Before leaving for FOSDEM, I read (and re-dented) Lydia’s link to a post by Joe Brockmeier (of OpenSUSE fame — of course there will be a vocal minority that will find his involvement with OpenSUSE, and thus Novell, as a bad sign to begin with, I feel happy that I’m not that closed minded) that summarised quite well my feeling with the way Free Software Foundation is behaving nowadays. Let me quote Joe:
Update (2017-04-21): Joe’s article is gone from the net and I can’t even find it on the Wayback Machine. Luckily I quoted it here!
It isn’t that the folks at the Free Software Foundation are wrong that DRM is bad for users, it’s that they are taking an entirely negative and counter-productive approach to the problem. Their approach to “marketing” may resonate with some in the FLOSS community, but their efforts are not at all likely to win hearts and minds of users who don’t get out of bed in the morning singing the Free Software Song.

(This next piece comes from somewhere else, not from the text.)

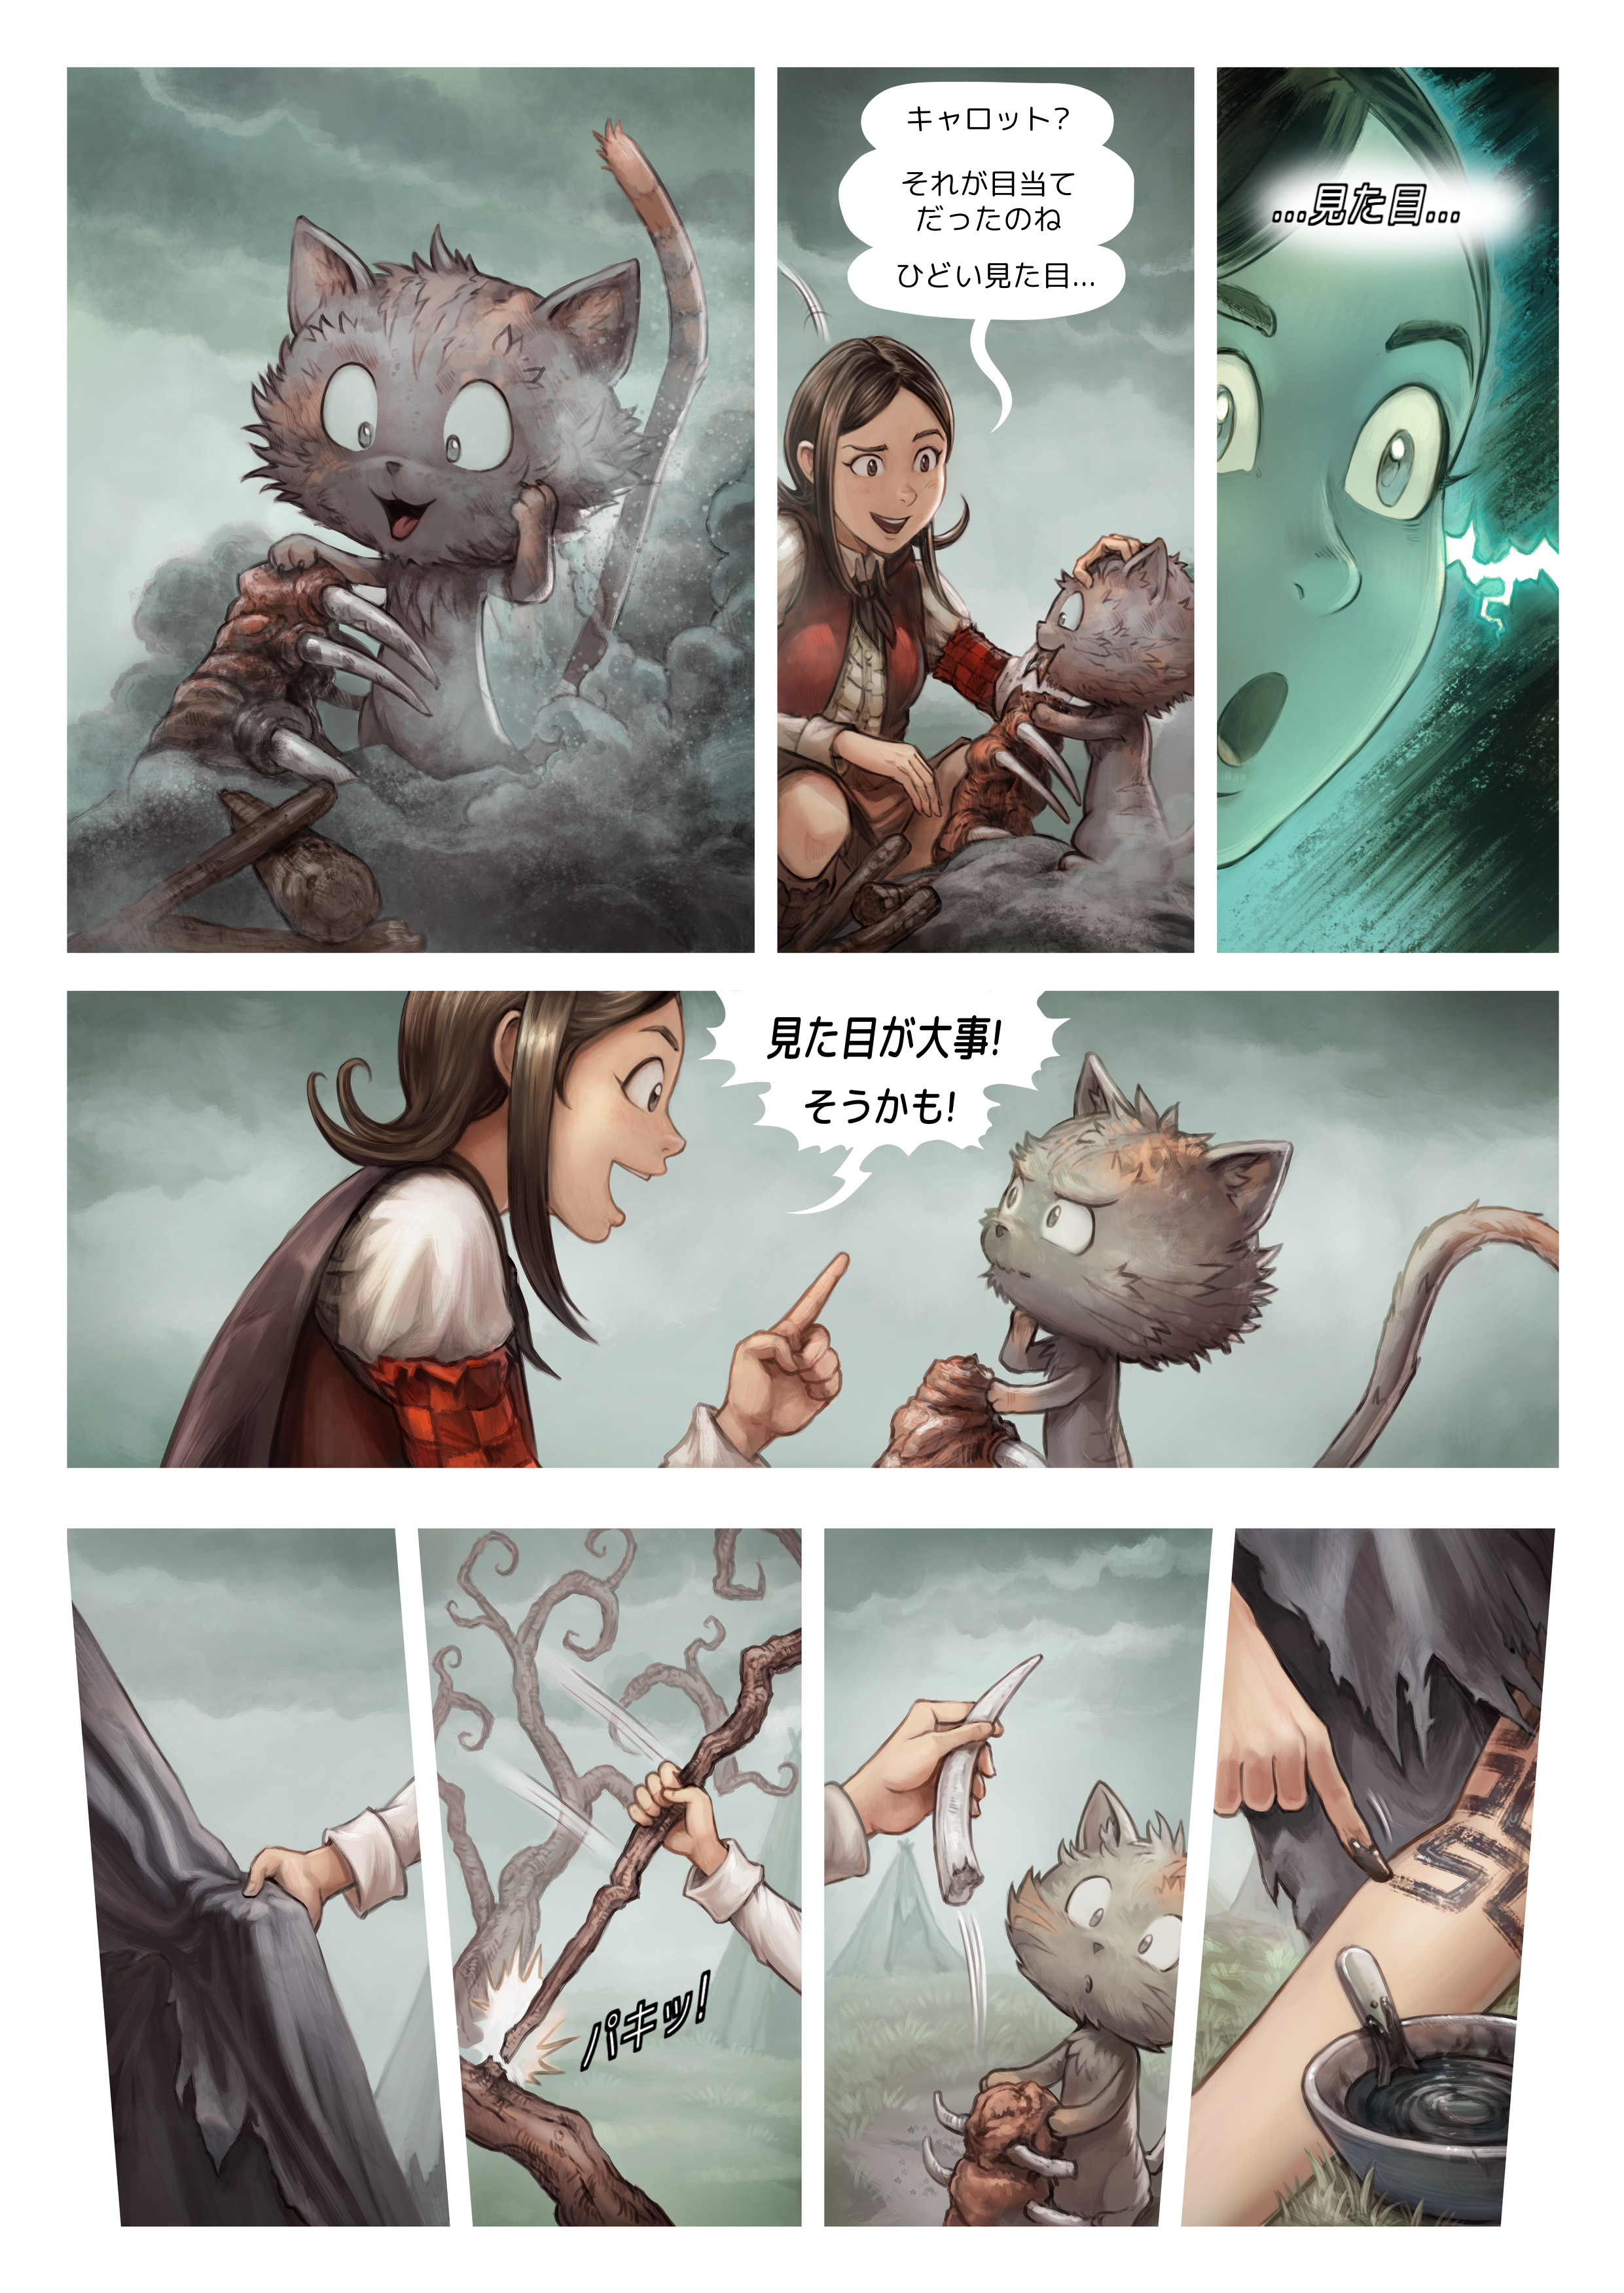 エピソード 32: 戦場, ページ 5

While Defective By Design highlights legitimate problems with the iPad (and other products) where are the alternatives? Stop telling people what they shouldn’t buy, and make it easier for them to get hands on some kit that lets them do what they want to do with free software. In other words, stop groaning about Apple and deliver a DRM [I guess he meant DRM-free here — Flameeyes] device of your own, already.

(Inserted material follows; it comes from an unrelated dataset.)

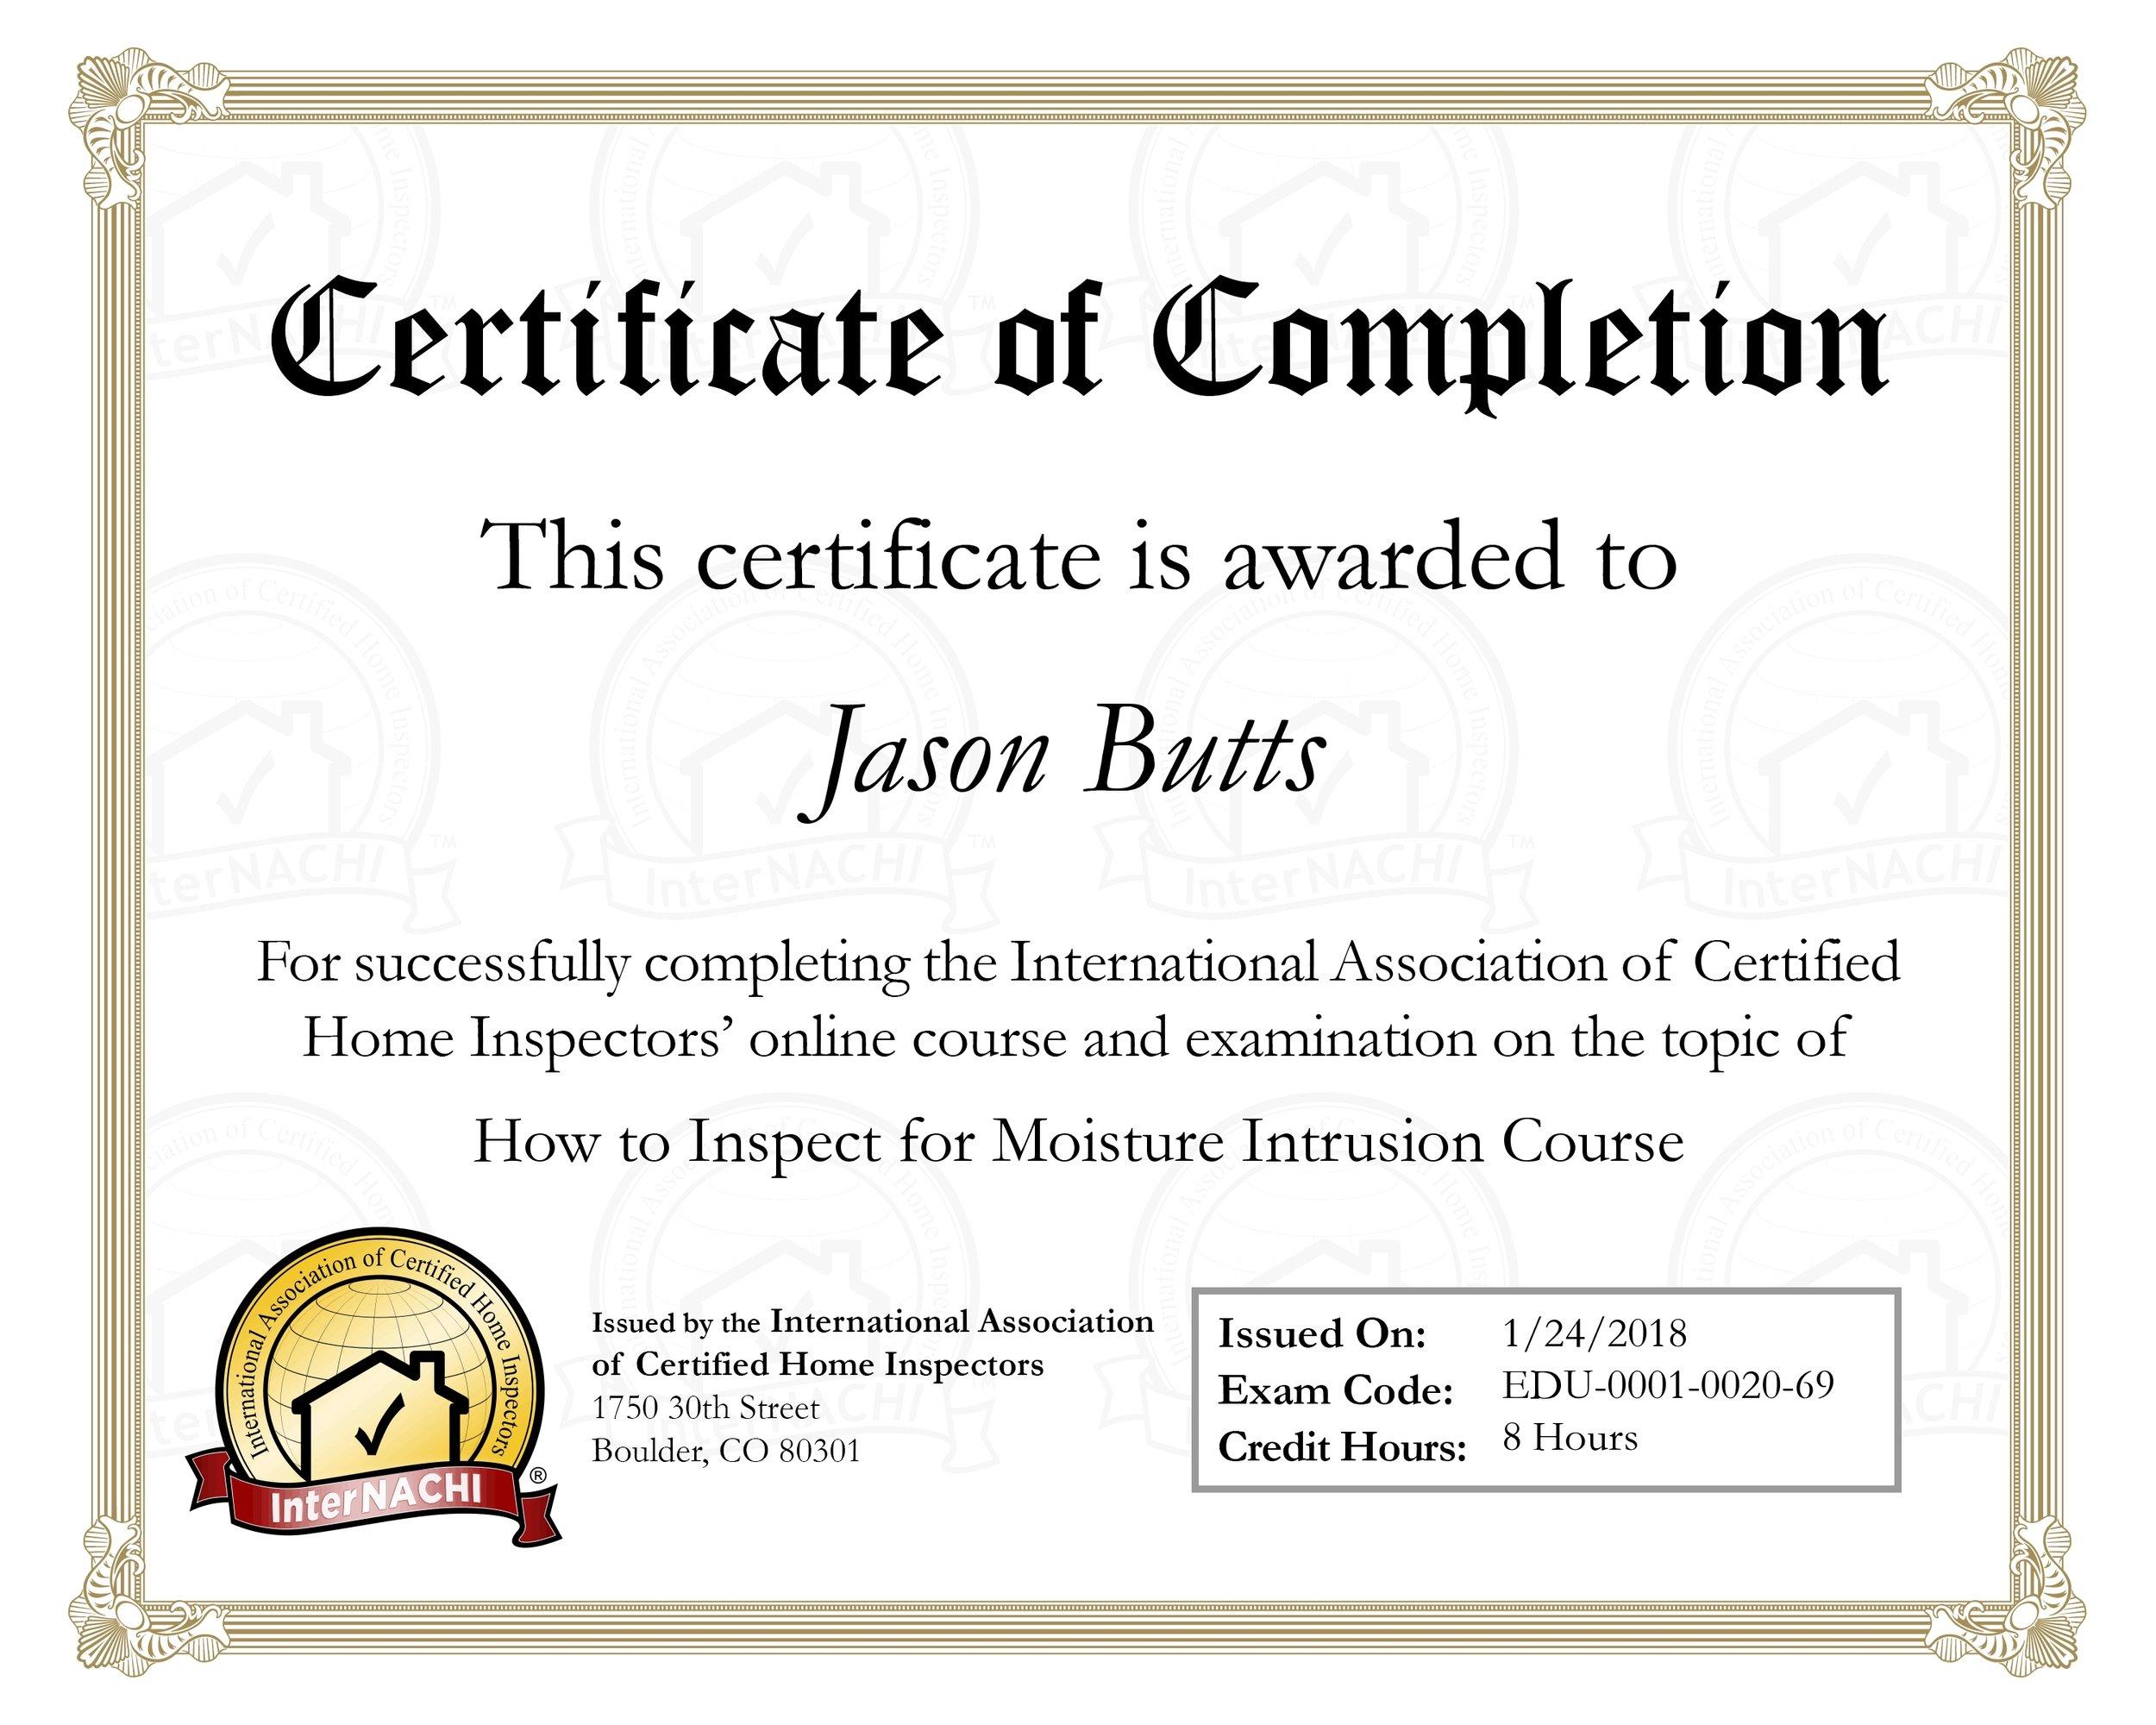 jbutts2_certificate_57.jpg

And I agree with him wholeheartedly (of course as long as my note above is right): we should propose alternatives, and they need to be valid alternatives. When I say that I use an iPod because it has 80GB of storage space on it (well, my current, old version has 80GB, newer versions have 160GB of course), people suggest me as an alternative to not carry around so much music. Well, I do want to carry around that much music! If you can get me a player with an equivalent disk space and featureset I’d be grateful to get rid of Apple’s lock-ins… while that’s not available, I don’t really care about reducing my music library, as long as I can use it with Rhythmbox and other Free Software tools.
On the other hand, I cannot praise enough one in particular of the FSFE projects: PDFreaders.org website. Instead of telling the users how bad Adobe is, the site provides them with valid alternatives, specific to their operating system! This includes even the two biggest proprietary operating systems, Windows and Mac OS X. Through this website I actually was able to get more people used to Free Software, as they are glad to use something that is, in many ways, better than Adobe’s own Reader.

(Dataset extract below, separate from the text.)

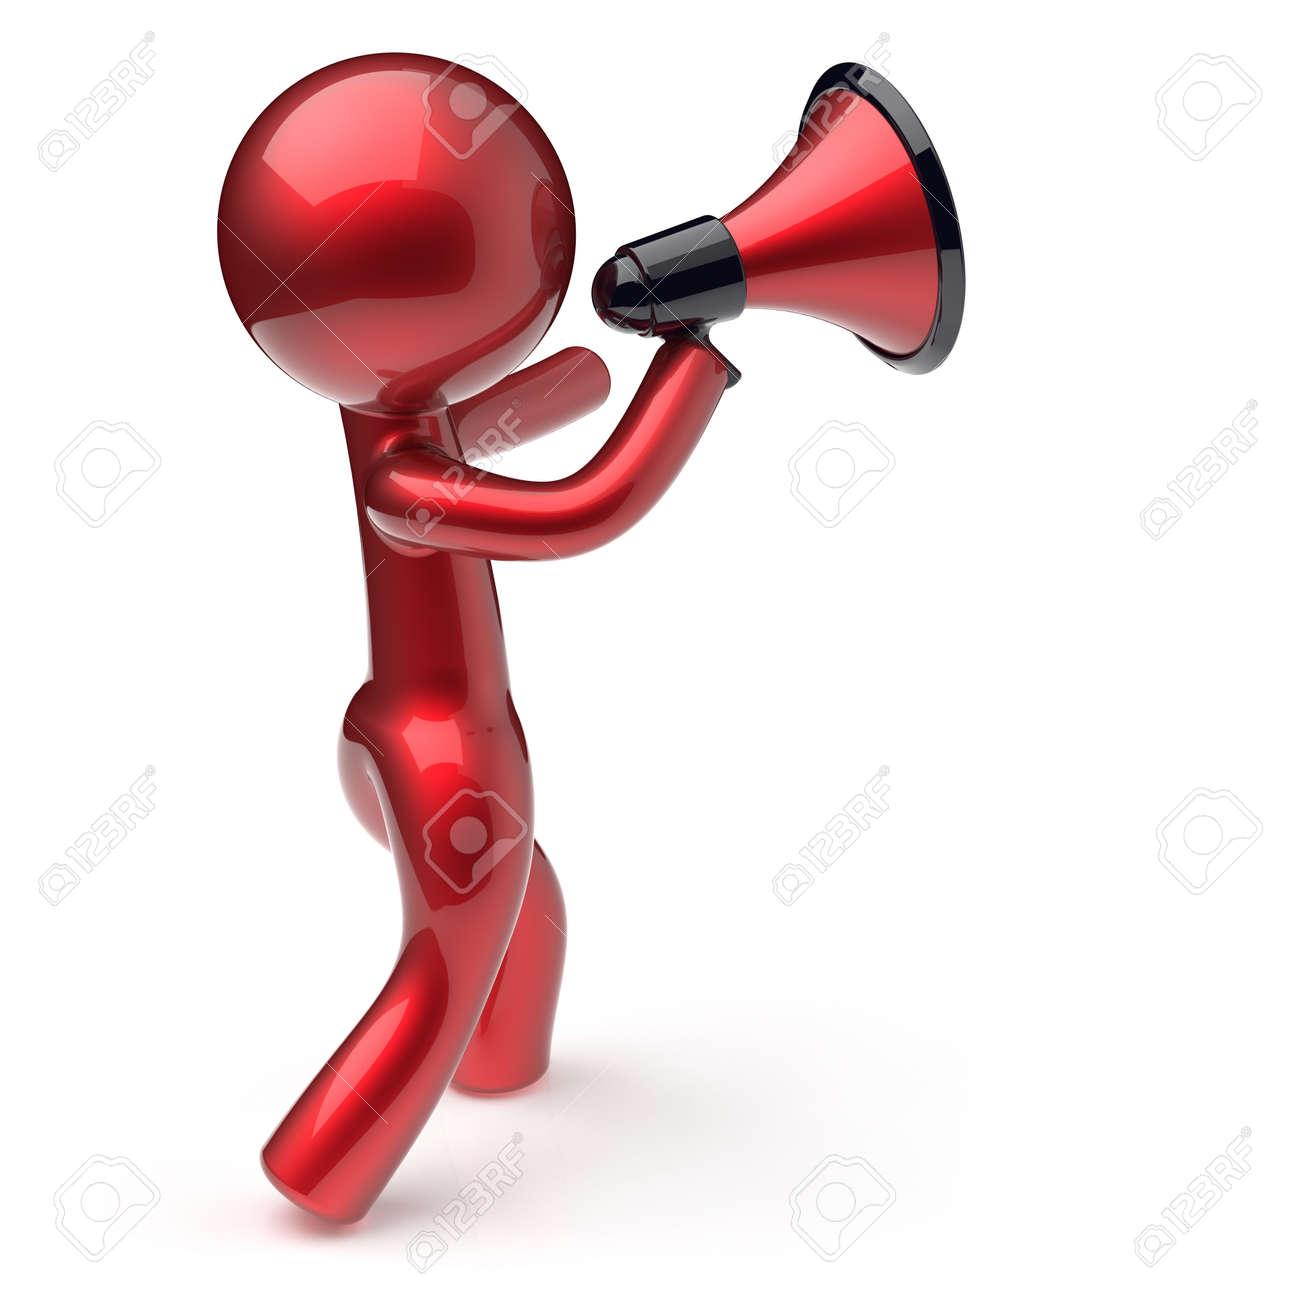 Type De Haut Parleur caractère mégaphone annonce homme parlant faisant nouvelles rouge stylisée  haut-parleurs de type dessin animé humaine communication de personne de

As I keep repeating, to bring Free Software to the masses, we need to be able to reach and improve over the quality of proprietary software. We are able to do that, we did so before, and we keep doing so in many areas (it’s definitely not a random chance that FFmpeg is one of the most widely used Free Software projects, sometimes even unbeknownst by its users, on the most varied platforms). When we settle for anything less, we’re going to lose. When we say that something is better and everybody should use that just because it’s Free, then we’re deluding ourselves.
I’m not sure what will happen with OpenOffice now that Oracle ate Sun as a snack, but if this will bring enough change in the project, it might actually make it really go mainstream. Right now, myself, I feel it has so many holes that it’s not even funny… on the other hand, as I wrote, it has some very important strong points, including the graphing capabilities (not charting!), and of course, the fact that it is Free Software.